FishNet 2 is an outgrowth of the original FishNet project with improvements in network stability, georeferencing capabilities, and technical support. FishNet 2 is being developed with updated DiGIR protocol software and georeferencing tools for automatic geocoding of all partner institutions' records. The Beta version of the search portal is functional, and as partner institutions are equipped with the DiGIR software package, they can be added to the beta network. Currently, there are 29 partner institutions in 4 continents, and there is an open invitation for any institution with a fish collection to join.

HerpNET

HerpNET is a collaborative effort by institutions in the United States, Canada and Mexico to establish a network between databases of herpetological collections in natural history museums, funded by the National Science Foundation (NSF No. 0132303). Currently, 38 institutions are participating in the HerpNET community, with an open-ended invitation to institutions who would like to join.

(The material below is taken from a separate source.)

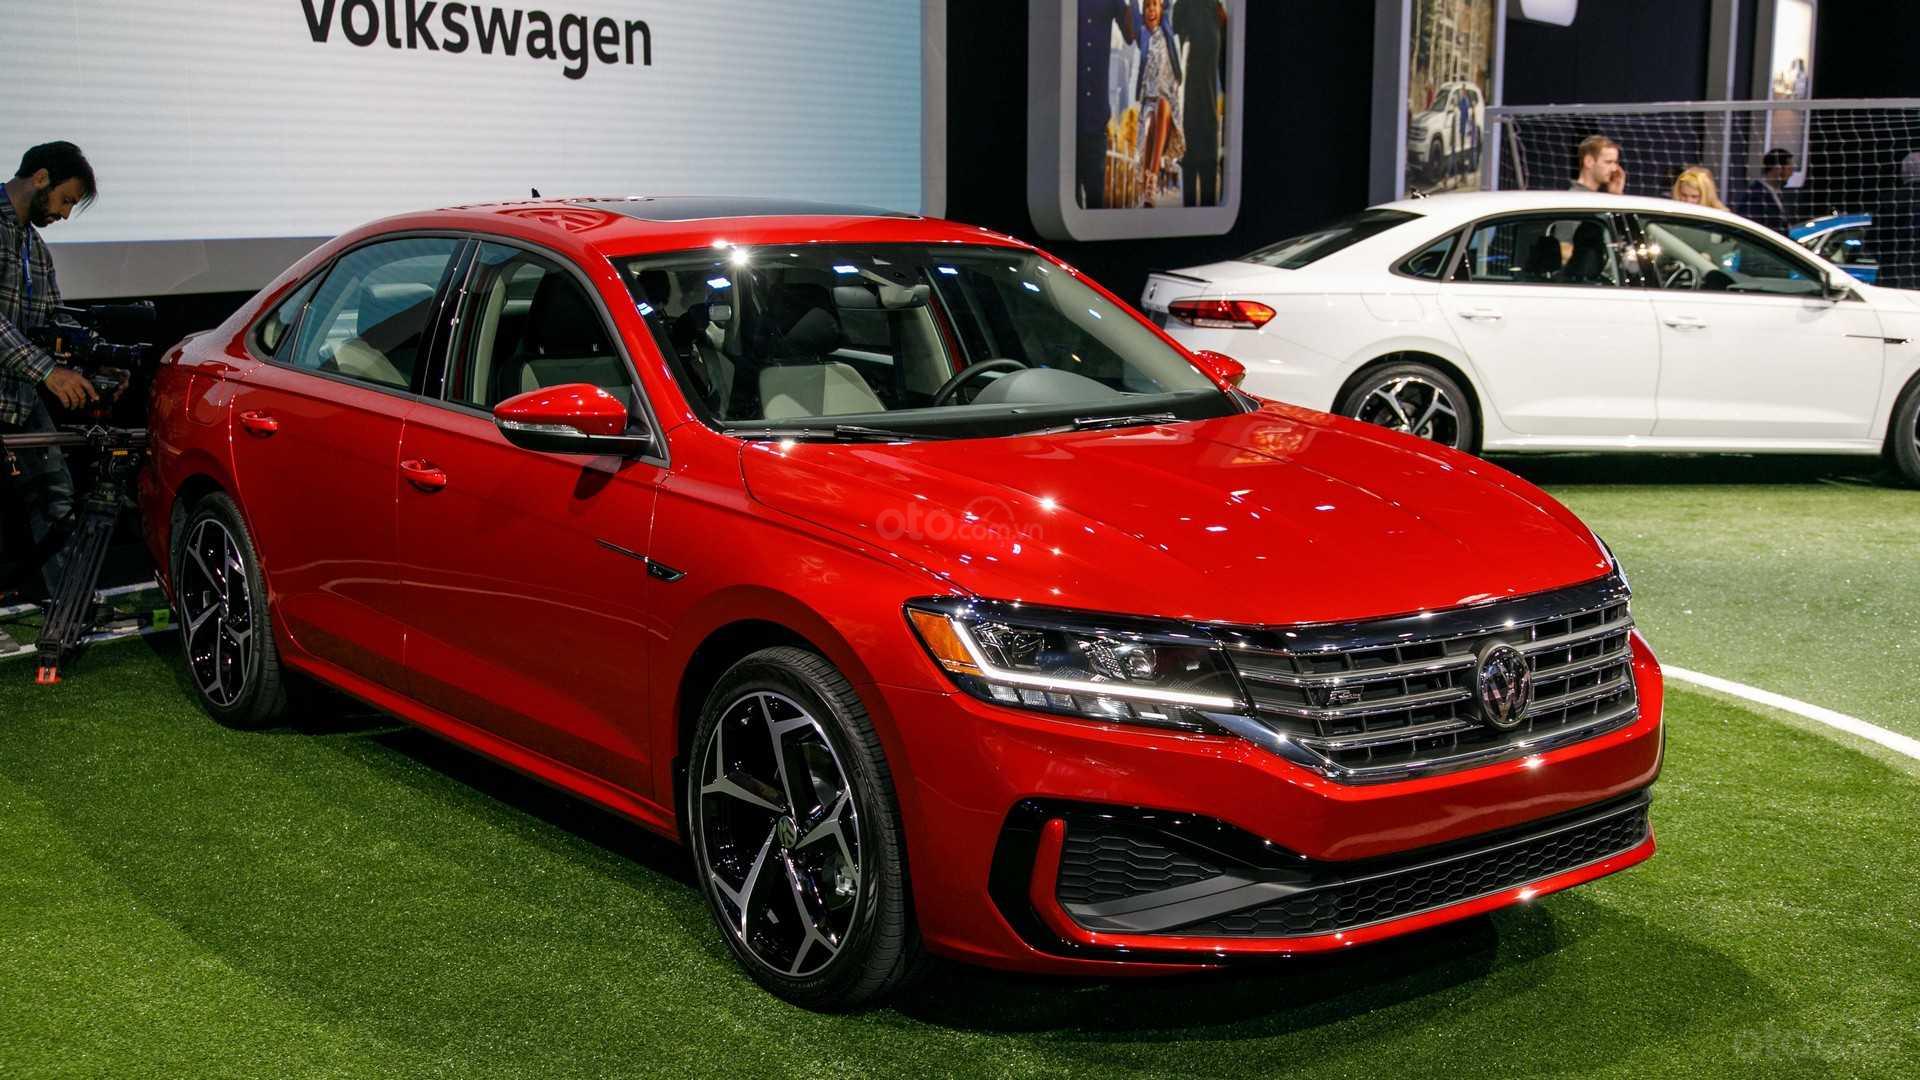 Góc 3/4 đầu xe Volkswagen Passat 2020

The mission of HerpNET is to bring the accumulated knowledge from ~3.7 million specimens in museum collections into currency for science and society by creating a distributed database with access from various portals. HerpNET will connect large repositories of information with smaller collections that have regional specializations. Similar efforts (e.g. MaNIS, FishNet 2, MaPSTeDi, ORNIS) have been or are being accomplished for other taxa or regions and the herpetological community is poised to make its own contribution to the study of biodiversity. HerpNET will further advance the biodiversity informatics tools available for biodiversity and environmental science, and will educate the next generation of biodiversity scientists. It will bring together scientists from diverse institutions and offer the opportunity to cross train in information technology, natural history collections, systematics and biodiversity science in general. For more biodiversity data available on-line, please see GBIF - the Global Biodiversity Information Facility.

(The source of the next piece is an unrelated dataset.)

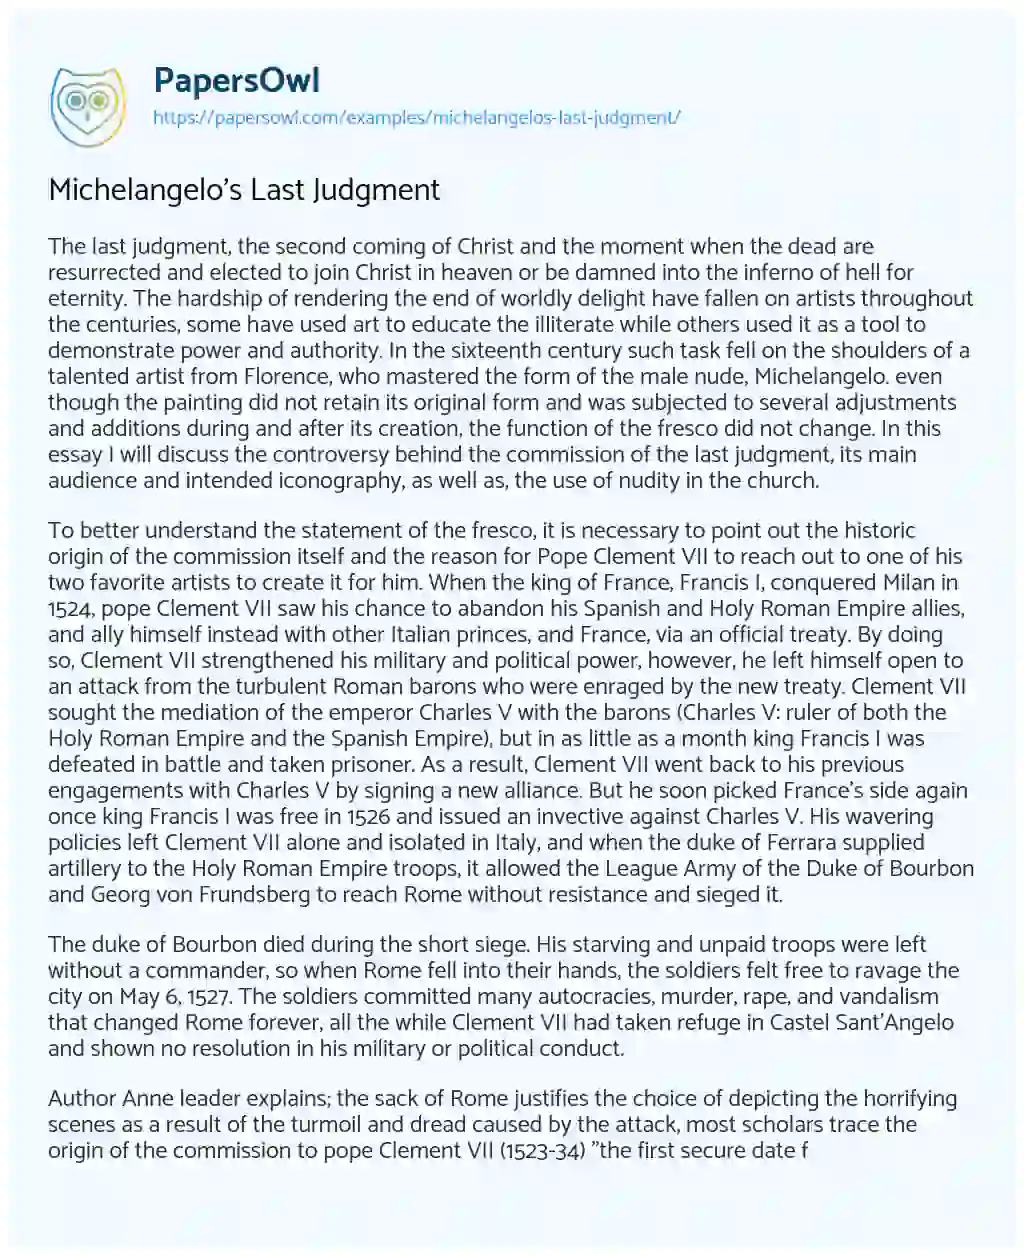 Michelangelo’s Last Judgment essay

ORNIS (ORNithological Information System)

Approximately 5 million bird specimens are housed in North American biocollections, documenting the global composition, identity, spatial distribution, ecology, systematics, and history of the world's estimated 10,000-16,000 bird species. ORNIS addresses the urgent call for increased access to these data across collections, in an open and collaborative manner, and involves development of a suite of online software tools for data analysis and error-checking. This project, funded by the National Science Foundation, expands on existing infrastructure developed for distributed mammal (MaNIS ), amphibian and reptile (HerpNET), and fish (FishNet 2) databases. Improved access to avian biocollections data will allow predictive uses to reveal patterns and processes of evolutionary and ecological phenomena that have not been apparent heretofore. In conjunction with similar infrastructures for other vertebrate groups, it also will enable detailed and synthetic knowledge of the earth's biodiversity for tracking climate change, emerging diseases (e.g., West Nile Virus), and other conservation challenges for species in the 21st century.